Между Алкуном и Мужичами мы сделали засаду и побили истребительный отряд из двух военных и трех истребителей в гражданском. В заплечном мешке обоих военных мы нашли по одной голове - мужчины и женщины. Голова женщины была острижена. Один из гражданских был тяжело ранен в плечо, но жив.
- Где тела? - спросили мы у него.
- Обещайте жизнь - скажу.
- Говори, если будешь честен, мы больше тебя не тронем.
- Тела лежат за школой в Алкуне.
- Кто остриг женщину?
- Энкеведешники.
- Для чего?
- Чтобы выдать за голову мужчины. Они выбирались из гор. Муж и жена. Оружия не было. Сказали, что идут в город, чтобы их отправили к родным, сказали, где оставили свой скот: овец и буйволов. Мы ночевали в школе, а утром сержант приказал… отвести их за школу и…
Этого отпустили, как обещали. Головы супругов соединили с телами и похоронили в приметном месте.
Я в детстве любил читать книга о том, как европейцы заселяли Америку. Индейцы снимали скальп с убитого врага. Скальп - это кожа с головы вместе с волосами. Чем отличаются наши энкеведешники от дикарей?

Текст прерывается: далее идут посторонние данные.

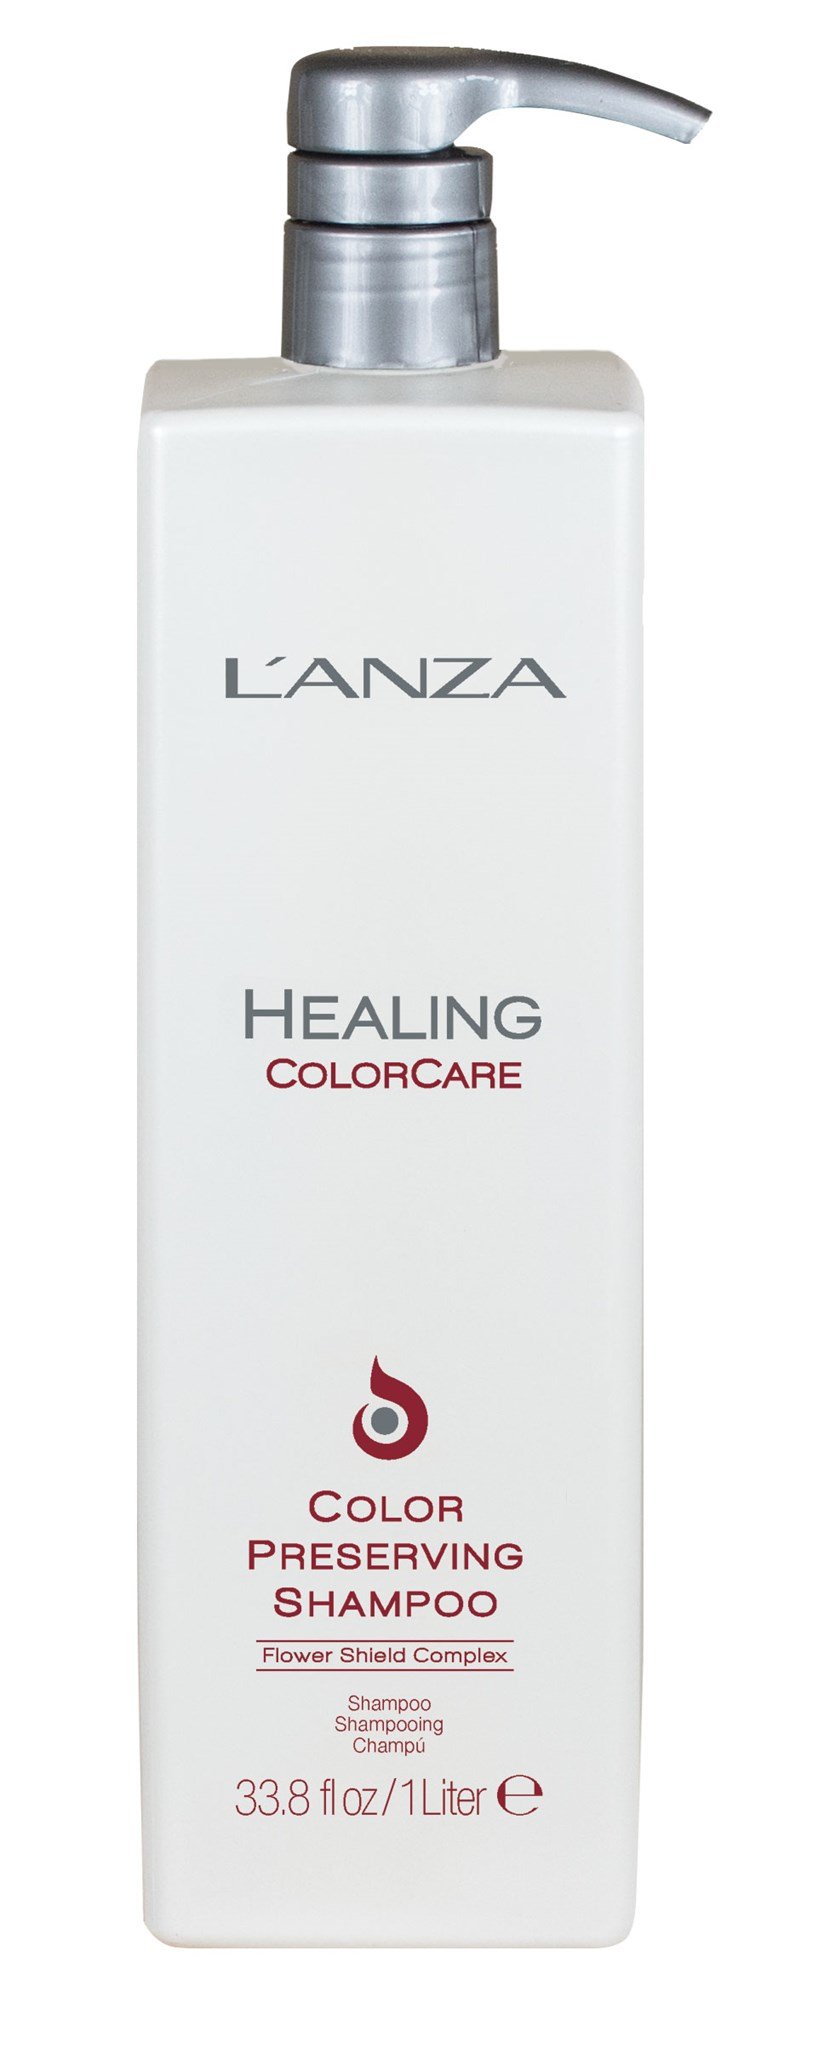 Lanza Healing ColorCare Color-Preserving Shampoo Ltr

Господи, почему так несправедлив этот мир? Мы тут живем, общаемся - государства с государствами, народы с народами, просто люди с людьми. Так неужели здесь должно безраздельно царствовать зло? Почему нет такого Большого Суда, куда обиженный может пожаловаться на притеснение и получить удовлетворение? Неужели единственными аргументами против тирании являются порох, свинец и кинжал? Почему молчит Совесть Человечества?
Да я в прошлый раз говорил о Совести Человечества? Смешно говорить о Совести Человечества, когда оно, человечество, в этой войне закопало в землю миллионы, миллионы самых молодых и сильных своих мужчин, сожгло дотла сотни тысяч городов и сел, пустило по миру много обездоленных стариков и сирот. И каждый же из сторон считал, что он исполняет священный долг. Нет, справедливости на земле нет, и не будет. Я сомневаюсь, что у людей есть верное понятие о справедливости. Наши отцы были правы, когда завещали потомкам никогда не расставаться с черным оружием. Они никогда не говорили просто так - изрекали проверенную веками истину.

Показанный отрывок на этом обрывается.